Erm. We eat most things tbh.

And we do this every now and again so recs for future also appreciated.


----------



## Yelkcub (Aug 7, 2014)

Who do I confuse you with? I'm thinking wtf does an Aussie want in Brum, but you're not an Aussie, are you?


----------



## marty21 (Aug 7, 2014)

http://www.andersonsbarandgrill.co.uk/#!the-gallery/c1513

we went here a couple of years ago - had a lovely meal - it's near the Jewelry Quarter, we walked there from the centre of town, no idea how far it is away from Broad Street.


----------



## Zapp Brannigan (Aug 7, 2014)

Kinnaree Thai restaurant.  Out the back of the Mailbox looking out over the canal, reasonable for price (depends on what you class as reasonable obv, but it's ok by me!).  Sizzling platters highly recommended, as is the panang curry.

Www.Kinnaree.co.uk


----------



## purenarcotic (Aug 7, 2014)

Cielo in Brindley Place (just off Broad St) is nice; reasonably priced, decent Italian food.  There's a lot of bars and restaurants at Brindley Place so might be worth having a wander around to see what you fancy.  The Mailbox has a few eating places; generally it's all chain stuff so I don't know if you'd want that or if you want independent.  The Bull Ring has a lot of chain restaurants like Browns and Wagamamas etc. 

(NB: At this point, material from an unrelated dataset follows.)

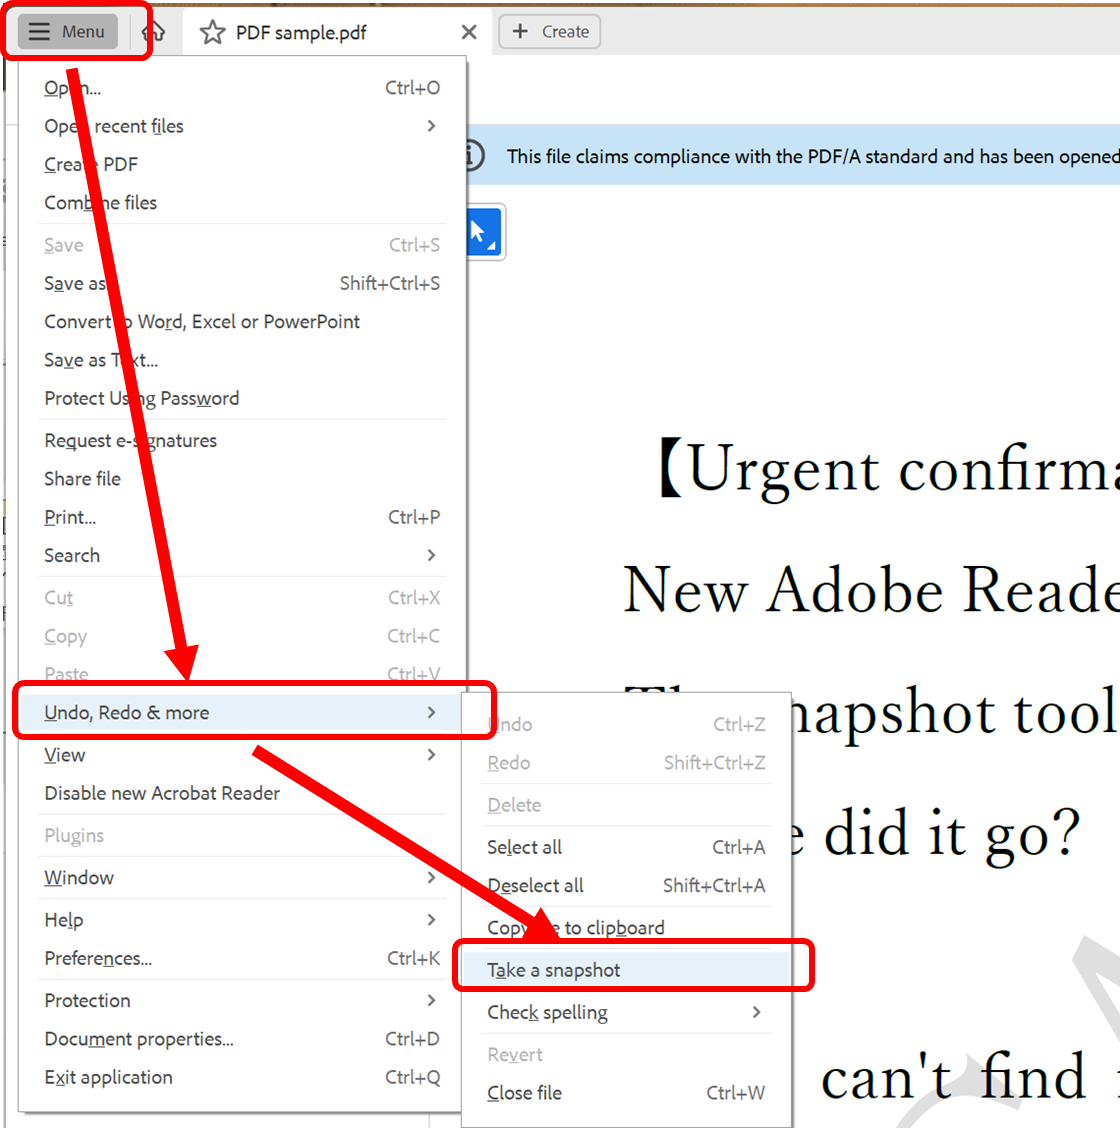 The location of the Snapshot Tool in the new Acrobat Reader is as follows: Menu -> Edit -> Undo, Redo, and More -> Snapshot

If you fancy a Chinese, Chung Ying Garden does bloody immense dim sum; it's probably 15 minutes walk or so from Broad St.


----------



## wtfftw (Aug 7, 2014)

Ta folks. 



Yelkcub said:


> Who do I confuse you with? I'm thinking wtf does an Aussie want in Brum, but you're not an Aussie, are you?

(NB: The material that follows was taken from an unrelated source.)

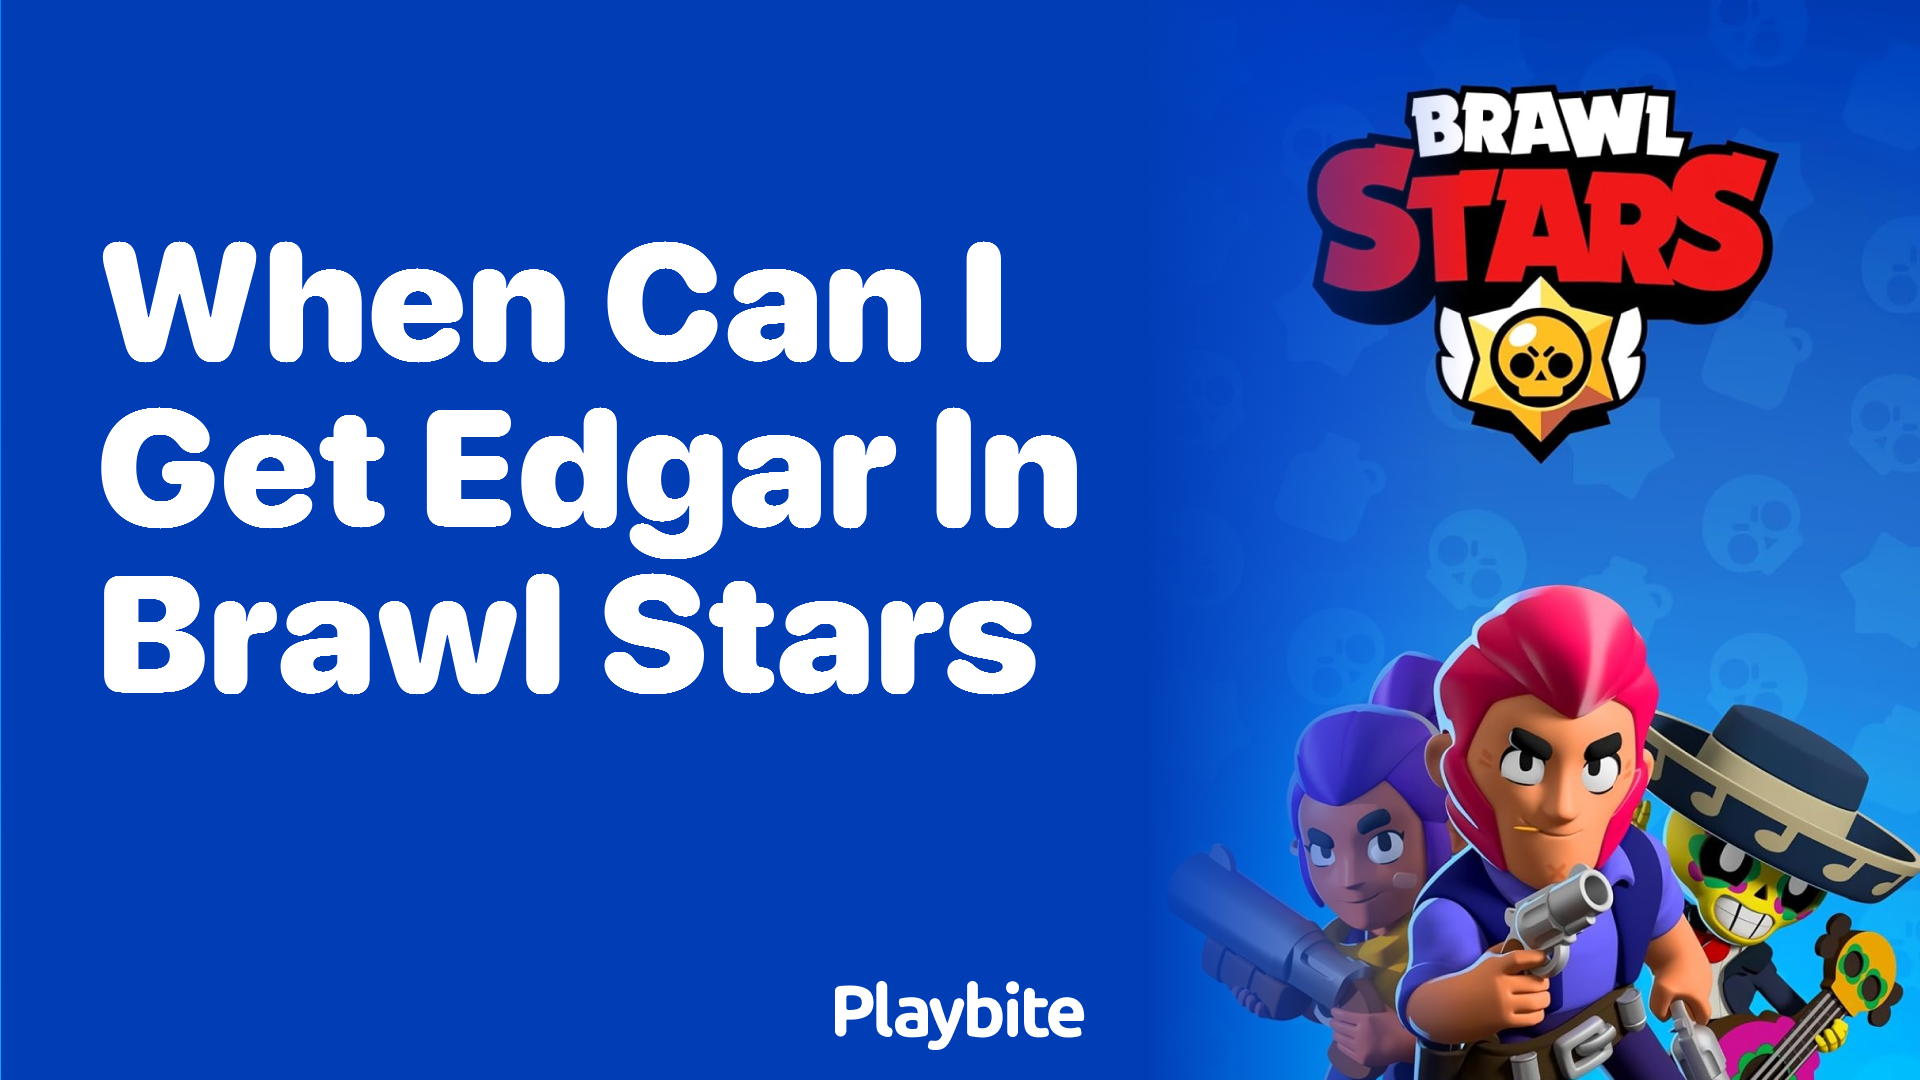 When Can I Get Edgar in Brawl Stars? Here's What You Need to Know

I r Londoner. Wrysmile is Aussie perhaps? Or I do have the same dress as such and such....


----------



## Yelkcub (Aug 7, 2014)

wtfftw said:


> Ta folks.
> 
> 
> I r Londoner. Wrysmile is Aussie perhaps? Or I do have the same dress as such and such....


 
Such! That's it. Do you look/post/opine similarly?


----------



## wtfftw (Aug 7, 2014)

Yelkcub said:


> Such! That's it. Do you look/post/opine similarly?


Possibly.


----------



## Yelkcub (Aug 7, 2014)

wtfftw said:


> Possibly.


Ok. Derail over. As you were wtfftw/Such hybrid.


----------



## wtfftw (Aug 7, 2014)

I'm taking it as a compliment. I like such and such


----------



## aqua (Aug 8, 2014)

What about bodega? http://bodegacantina.co.uk/ same company also own the Jekyll and Hyde, a gin bar


----------



## Pickman's model (Aug 8, 2014)

aqua said:


> What about bodega? http://bodegacantina.co.uk/ same company also own the Jekyll and Hyde, a gin bar


i remember meeting you for a curry some years back, with some other urbanites. d'you recall the name of the restaurant?


----------



## aqua (Aug 8, 2014)

Pickman's model said:


> i remember meeting you for a curry some years back, with some other urbanites. d'you recall the name of the restaurant?

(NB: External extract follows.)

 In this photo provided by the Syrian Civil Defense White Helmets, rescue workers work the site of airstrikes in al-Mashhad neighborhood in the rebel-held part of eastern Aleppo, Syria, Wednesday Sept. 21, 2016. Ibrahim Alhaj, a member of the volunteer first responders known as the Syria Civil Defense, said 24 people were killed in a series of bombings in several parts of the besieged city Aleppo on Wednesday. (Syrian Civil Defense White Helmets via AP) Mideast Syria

Are you sure? I didn't think we had met, certainly not out of London??

It's also fairly rare I go to curry houses tbh. We are on the other side of the city and when I do go they tend to be disappointing!!


----------



## aqua (Aug 8, 2014)

Mind you I used to drink a tonne more than I do now so it's not impossible I can't remember


----------



## Pickman's model (Aug 8, 2014)

aqua said:


> Mind you I used to drink a tonne more than I do now so it's not impossible I can't remember


it'd be back round 2005


----------



## aqua (Aug 8, 2014)

Pickman's model said:


> it'd be back round 2005


Oh well yeah not a chance  in fact we were talking last night how whole years have been lost 

Do you know who else was there? What time of year?


----------



## Pickman's model (Aug 8, 2014)

aqua said:


> Oh well yeah not a chance  in fact we were talking last night how whole years have been lost
> 
> Do you know who else was there? What time of year?


spring i think 

or autumn


----------



## aqua (Aug 8, 2014)

Pickman's model said:


> spring i think
> 
> or autumn


 I have genuinely no idea


----------



## aqua (Aug 8, 2014)

Jesus that's bad isn't it


----------



## Pickman's model (Aug 8, 2014)

aqua said:


> Jesus that's bad isn't it


----------



## wtfftw (Aug 9, 2014)

Zapp Brannigan said:


> Kinnaree Thai restaurant.  Out the back of the Mailbox looking out over the canal, reasonable for price (depends on what you class as reasonable obv, but it's ok by me!).  Sizzling platters highly recommended, as is the panang curry.
> 
> Www.Kinnaree.co.uk


I'm voting this one for future as Chemistry doesn't fancy Thai. 



aqua said:


> What about bodega? http://bodegacantina.co.uk/ same company also own the Jekyll and Hyde, a gin bar


Total win. Except we didn't book. Booooo! So that'll be next time.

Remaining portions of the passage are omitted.